— Data section —
........
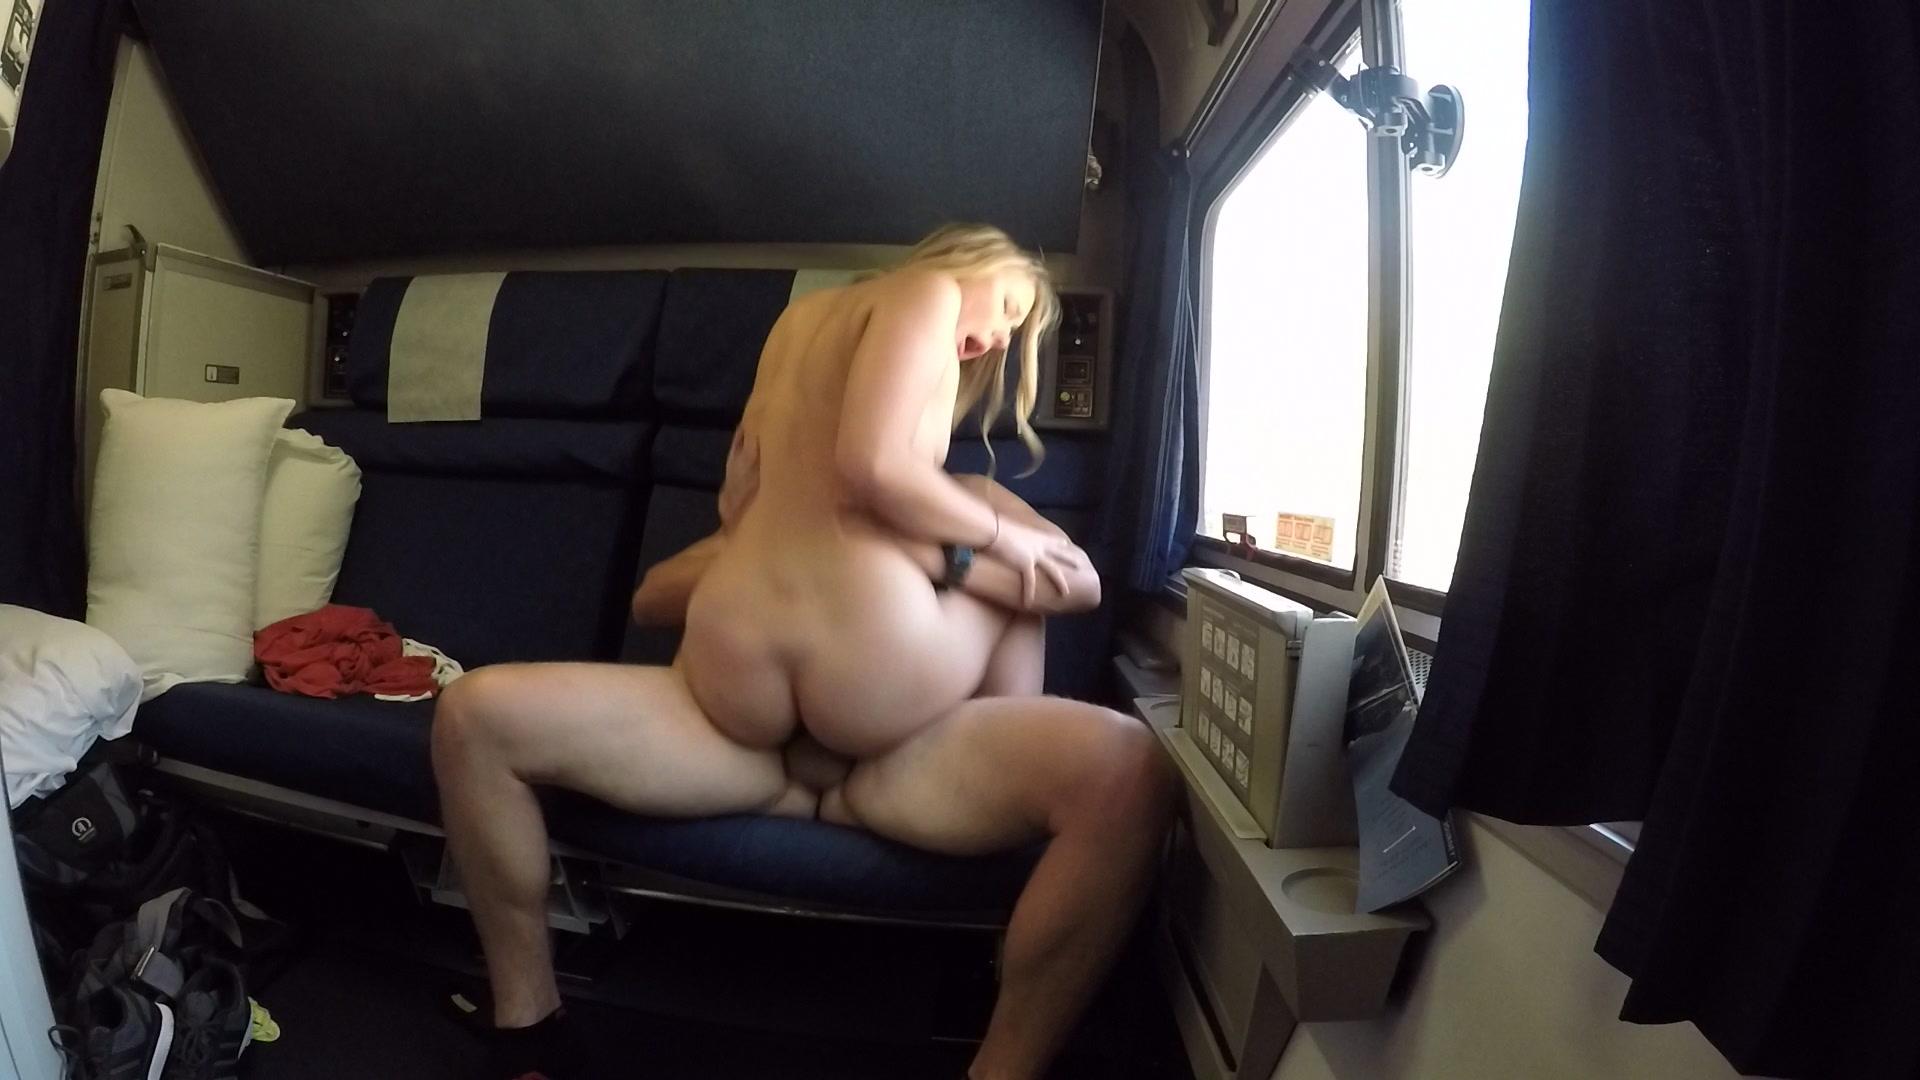 Случай в электричке порно, россии домашнее втроем порно
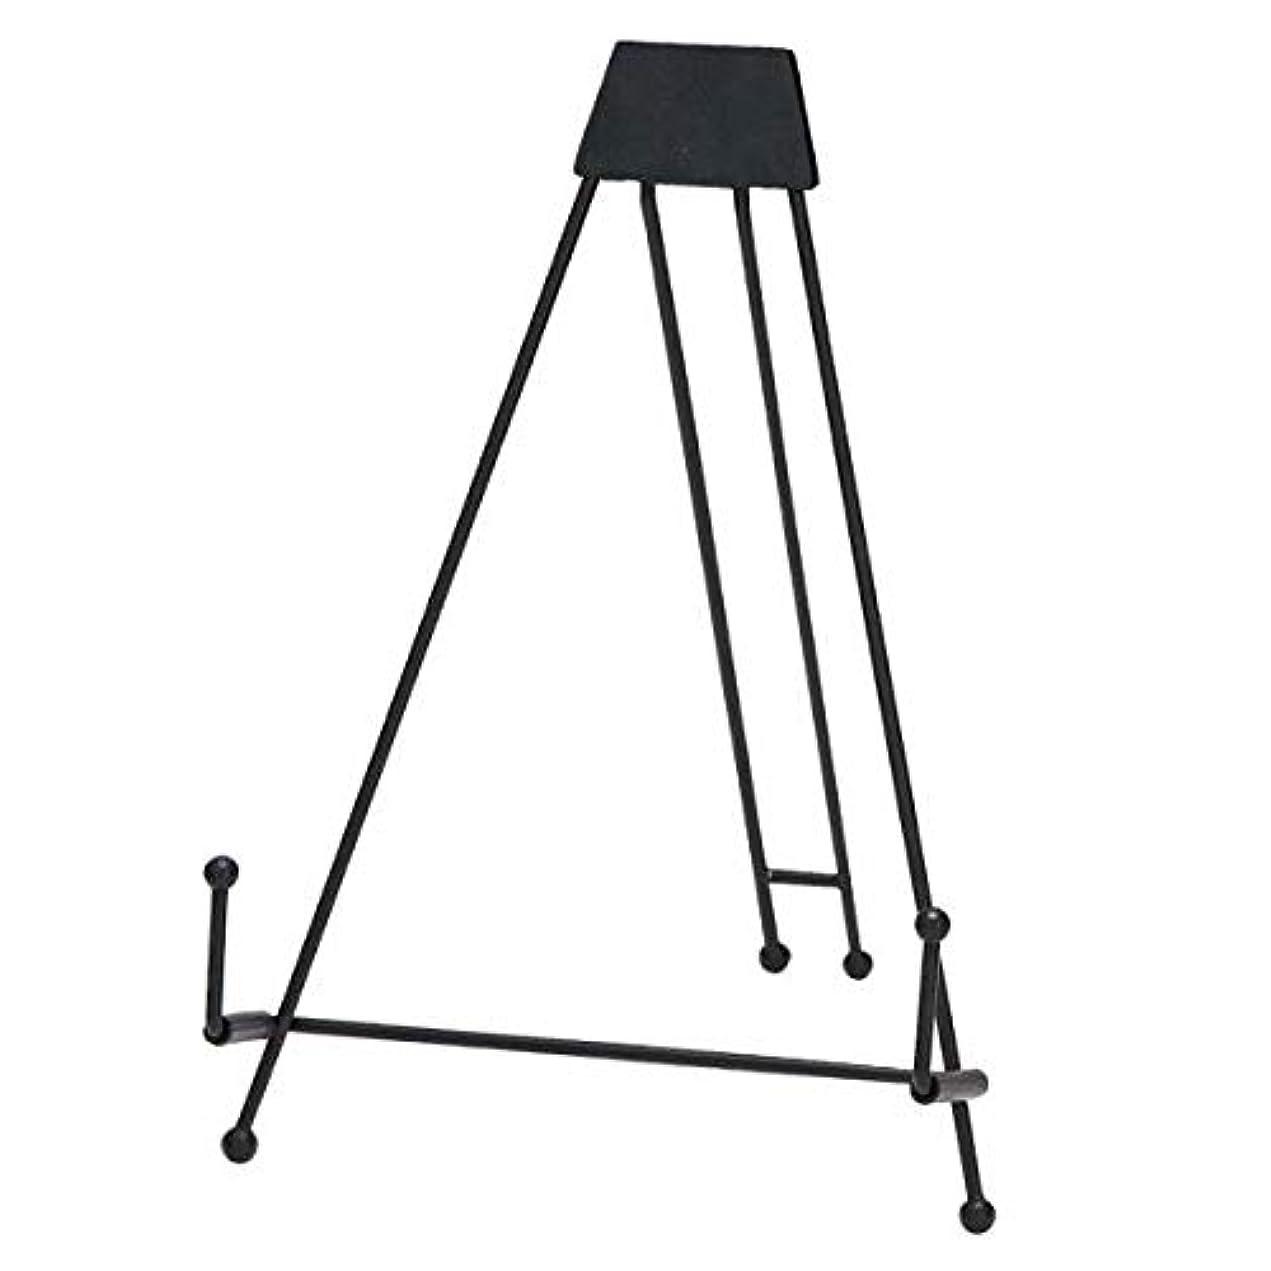 ホバー肘掛け椅子ホイップスチール製イーゼル。 ユーパワー スチールイーゼル Lサイズ ブラック WE-01311 〈簡易梱包
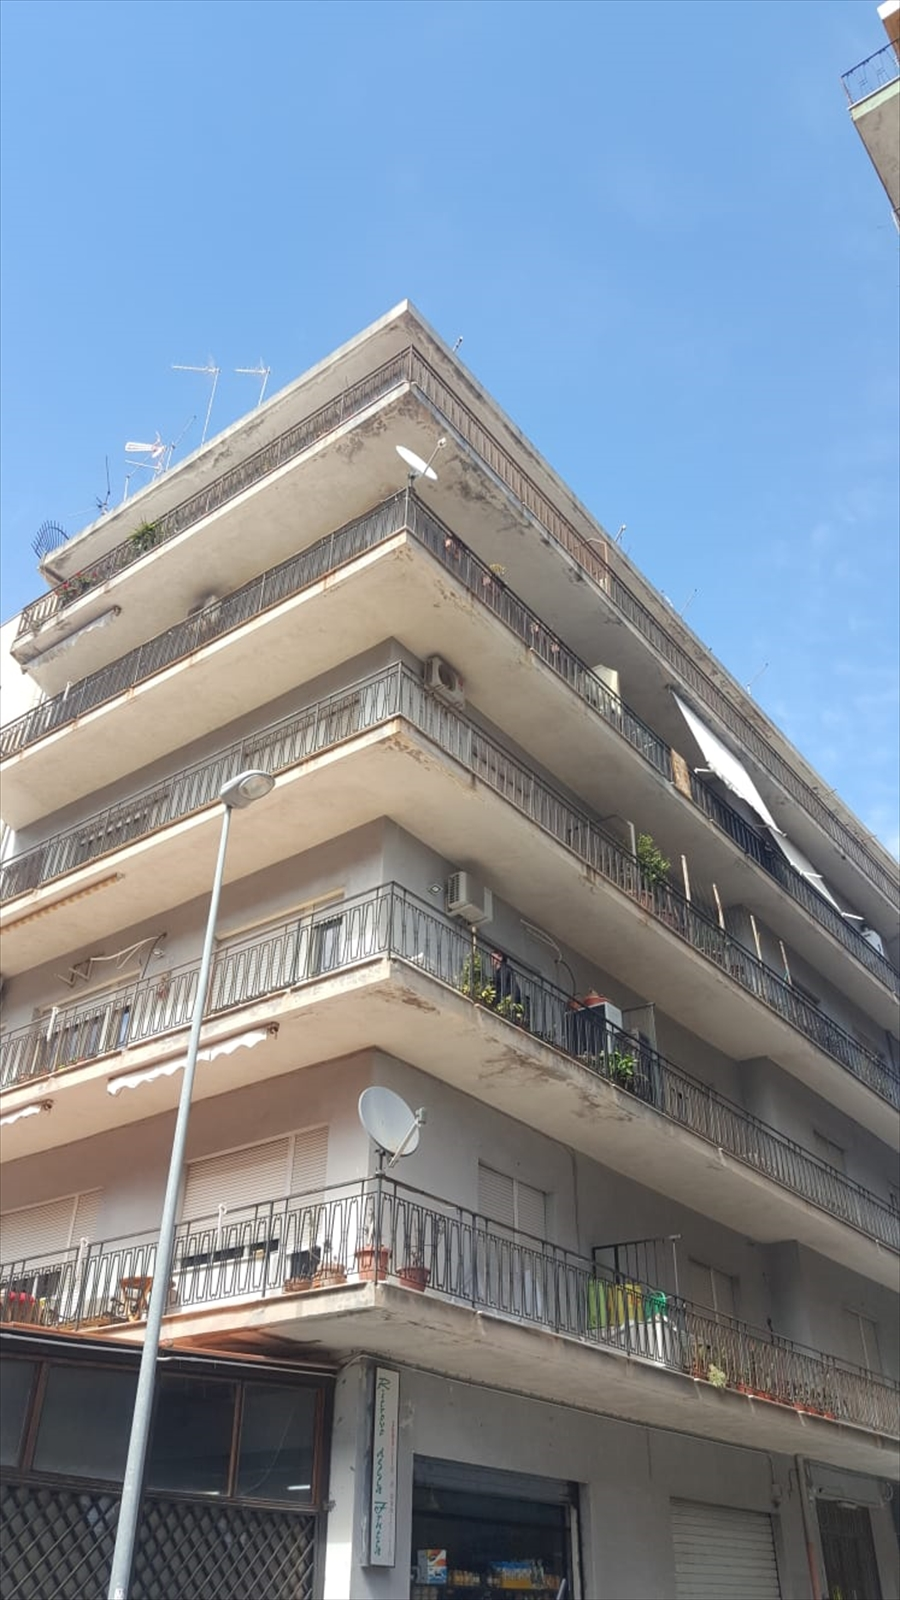 Appartamento in vendita a Reggio Calabria, 3 locali, prezzo € 67.000 | CambioCasa.it
........
— Work required —
The required output is the listing above reproduced exactly, pictures removed.

— Task answer —
 Случай в электричке порно, россии домашнее втроем порно
 ホバー肘掛け椅子ホイップスチール製イーゼル。 ユーパワー スチールイーゼル Lサイズ ブラック WE-01311 〈簡易梱包
 Appartamento in vendita a Reggio Calabria, 3 locali, prezzo € 67.000 | CambioCasa.it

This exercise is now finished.